◆ **Task goal**:
Quote exactly, and only, the lines from the one containing "VIENNA HOTEL|ウィーン ホテル" through the end of the material below. Skip pictures.

◆ **Material provided**:
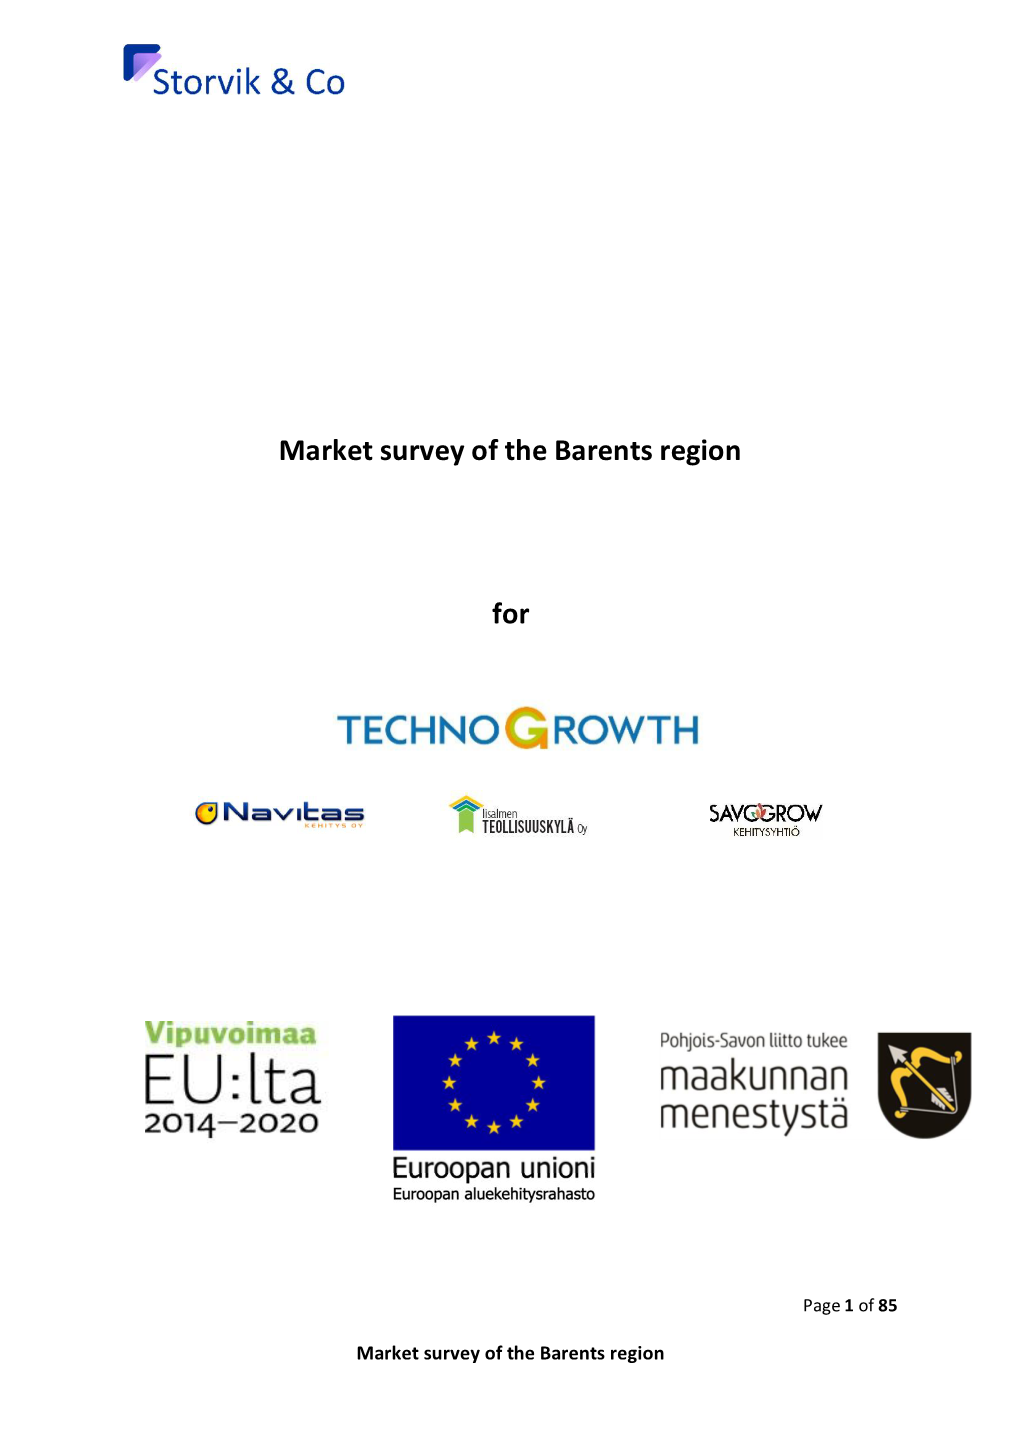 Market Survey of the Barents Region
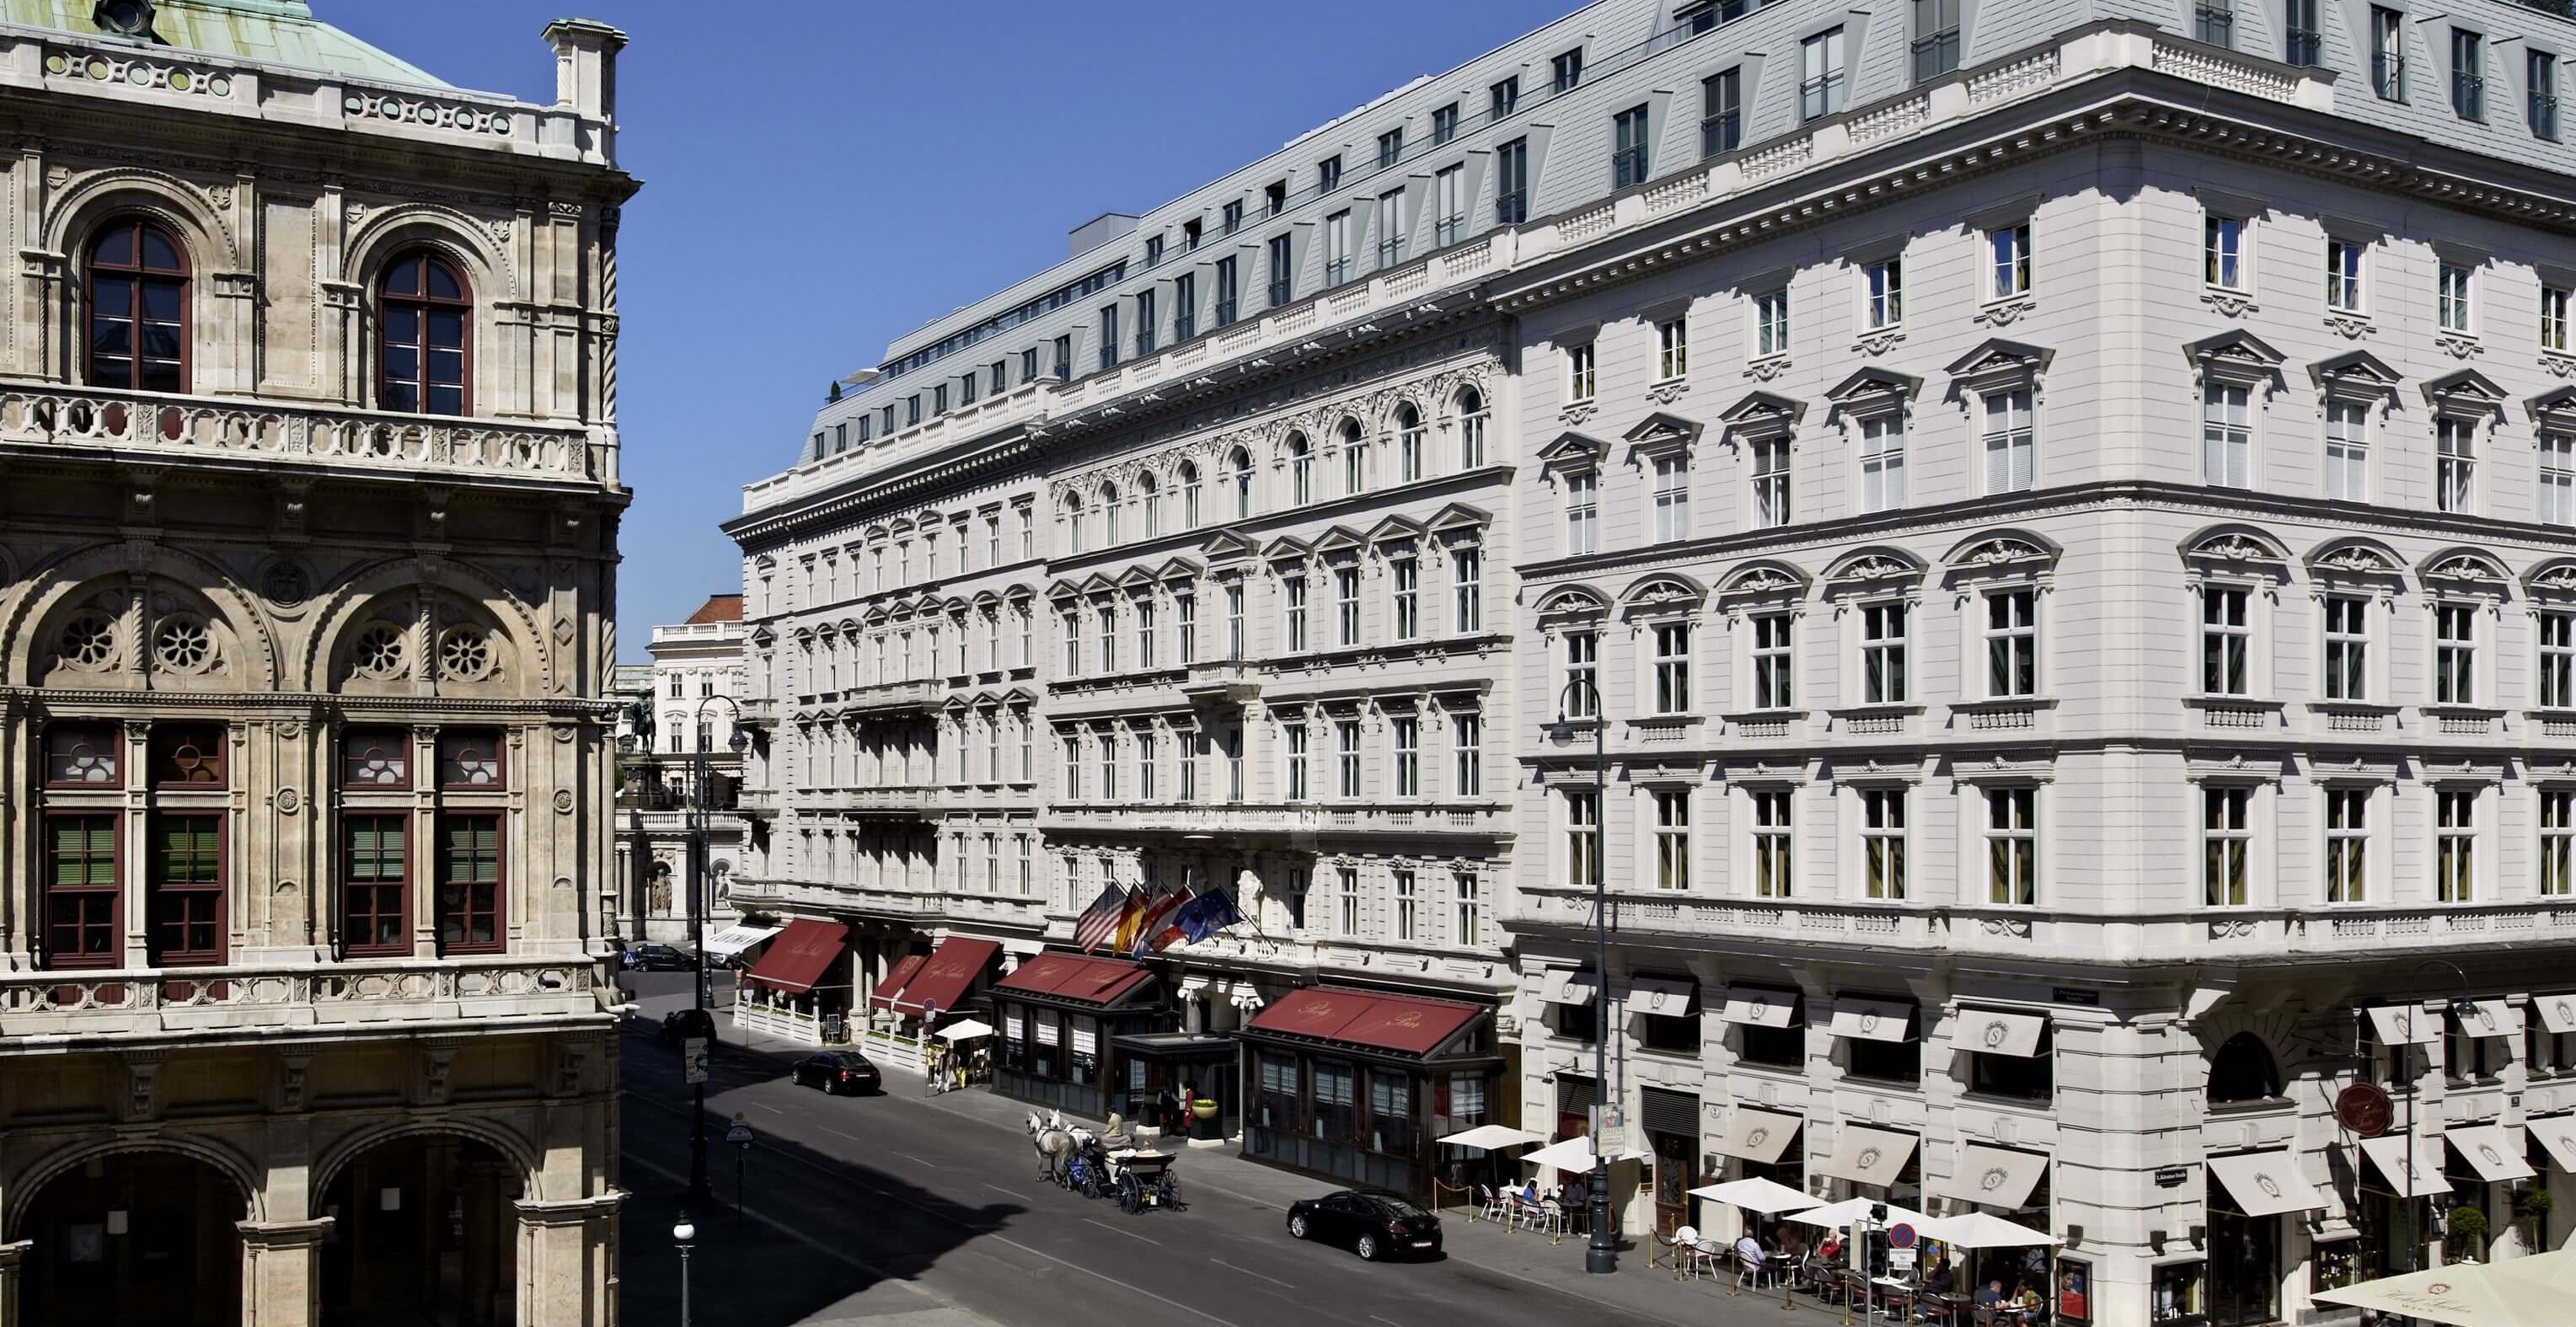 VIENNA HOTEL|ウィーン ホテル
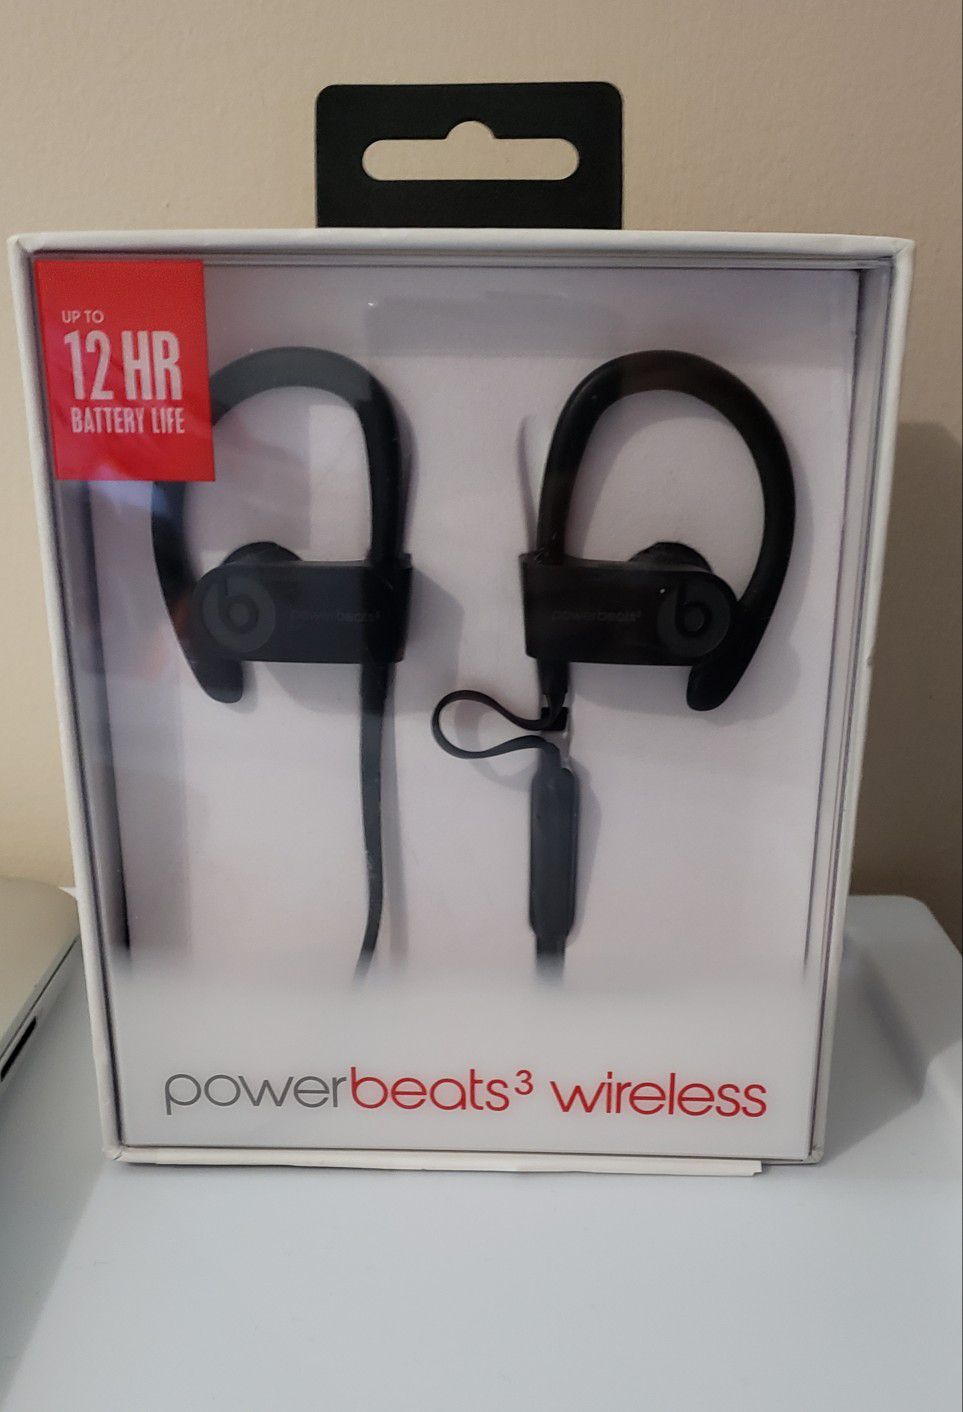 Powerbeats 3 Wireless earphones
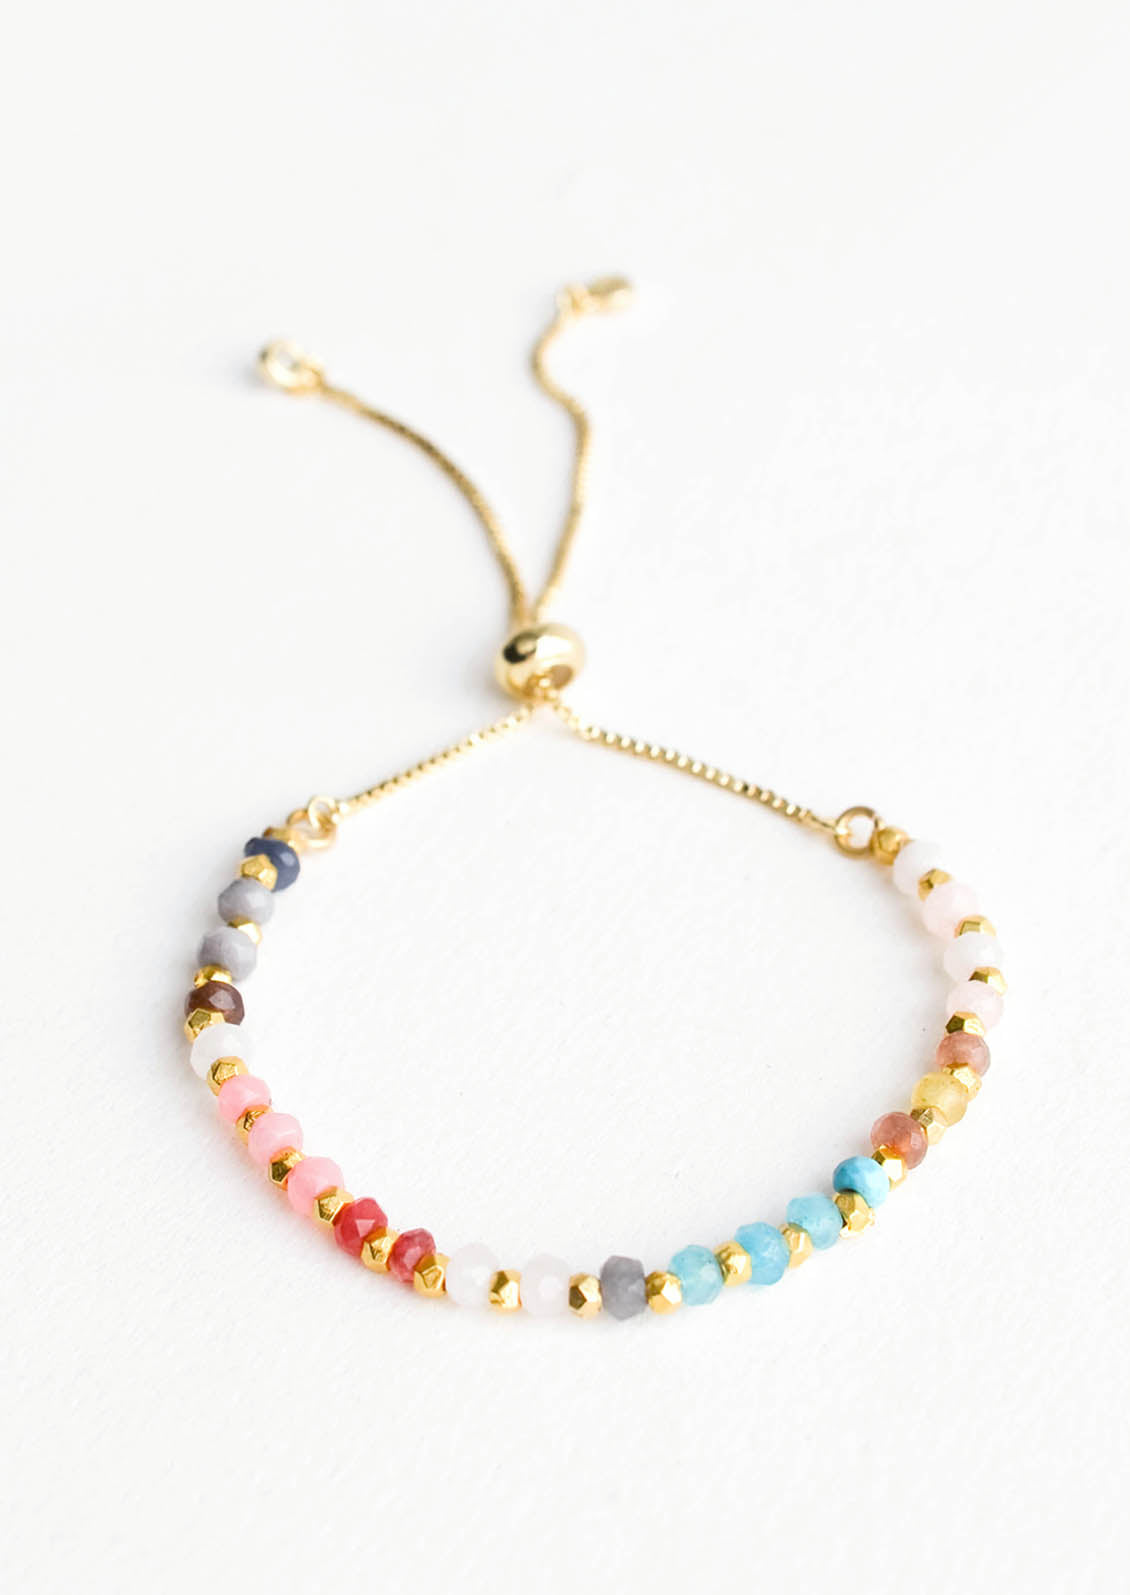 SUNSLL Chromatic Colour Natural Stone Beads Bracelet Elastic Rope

◆ **Exercise response**:
 VIENNA HOTEL|ウィーン ホテル
 Powerbeats 3 Wireless earphones
 SUNSLL Chromatic Colour Natural Stone Beads Bracelet Elastic Rope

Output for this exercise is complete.